HDU1068Girls and Boys

题目：

Girls and Boys

Time Limit: 20000/10000 MS (Java/Others)    Memory Limit: 65536/32768 K (Java/Others)
Total Submission(s): 13942    Accepted Submission(s): 6561

 

Problem Description

the second year of the university somebody started a study on the romantic relations between the students. The relation “romantically involved” is defined between one girl and one boy. For the study reasons it is necessary to find out the maximum set satisfying the condition: there are no two students in the set who have been “romantically involved”. The result of the program is the number of students in such a set.

The input contains several data sets in text format.
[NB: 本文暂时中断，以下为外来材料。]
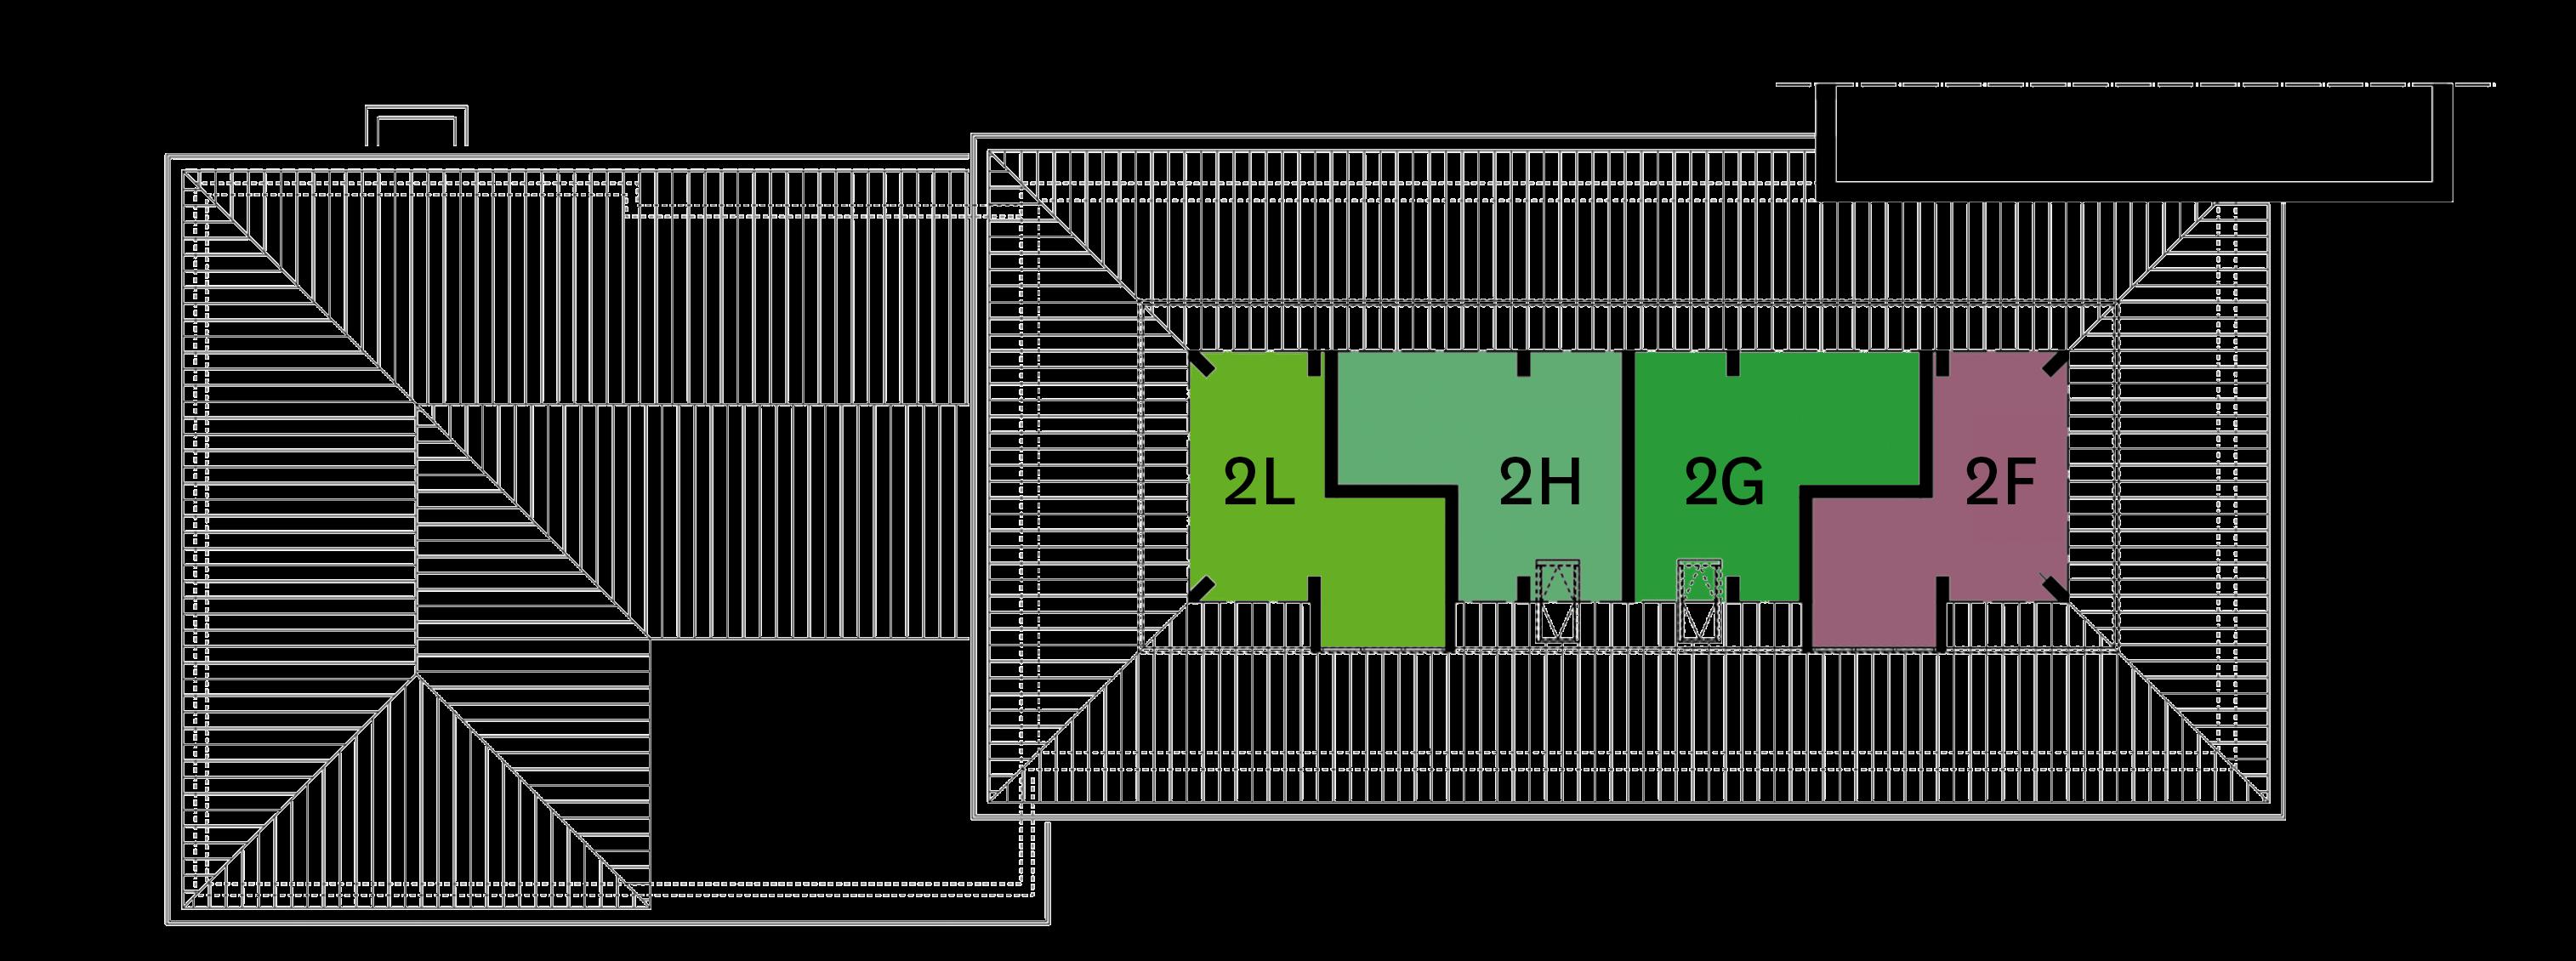 2e verdieping fase 5 plattegrond

Each data set represents one set of subjects of the study, with the following description:

the number of students
the description of each student, in the following format
student_identifier:(number_of_romantic_relations) student_identifier1 student_identifier2 student_identifier3 ...
or
student_identifier:(0)

The student_identifier is an integer number between 0 and n-1, for n subjects.
For each given data set, the program should write to standard output a line containing the result.

 

 

Sample Input

7 0: (3) 4 5 6 1: (2) 4 6 2: (0) 3: (0) 4: (2) 0 1 5: (1) 0 6: (2) 0 1 3 0: (2) 1 2 1: (1) 0 2: (1) 0

 

Sample Output

5 2

题目：

有N名学生，每个学生有一组可能的和其余学生的恋爱关系名单，问最多可能组成的恋爱关系数目：

分析：

二分图的最大匹配问题

由于爱慕关系是相互的，所以匹配数会多2倍，最后结果/2

代码:

#include<iostream>
#include<cstring>
#include<cstdlib>
#include<cstdio>
#include<cmath>
#include<algorithm>
#include<vector>
using namespace std;
const int maxn = 1000;
vector<int> G[maxn];
int vis[maxn];
int match[maxn];

void init(){
    memset(match,-1,sizeof(match));
    for(int i=0;i<maxn;i++) G[i].clear();
}

bool findpath(int k){
    for(int i=0;i<G[k].size();i++){
        int v = G[k][i];
        if(!vis[v]){
            vis[v] = 1;
            if(match[v]==-1 || findpath(match[v])){
                match[v] = k;
                return true;
            }
        }
    }
    return false;
}
int Search(int m){
    int cnt = 0;
    for(int i=0;i<m;i++){
        memset(vis,0,sizeof(vis));
        if(findpath(i)) cnt++;
    }
    return cnt;
}

int main(){
    int N;
    while(scanf("%d",&N)!=EOF){
        init();
        int T = N;
        while(T--){
            int a,b;
            scanf("%d: (%d) ",&a,&b);
            for(int i=0;i<b;i++){
                int v;
                scanf("%d",&v);
                G[a].push_back(v);
            }
        }
        int res = Search(N);
        printf("%d\n",N-res/2);
    }
    return 0;
}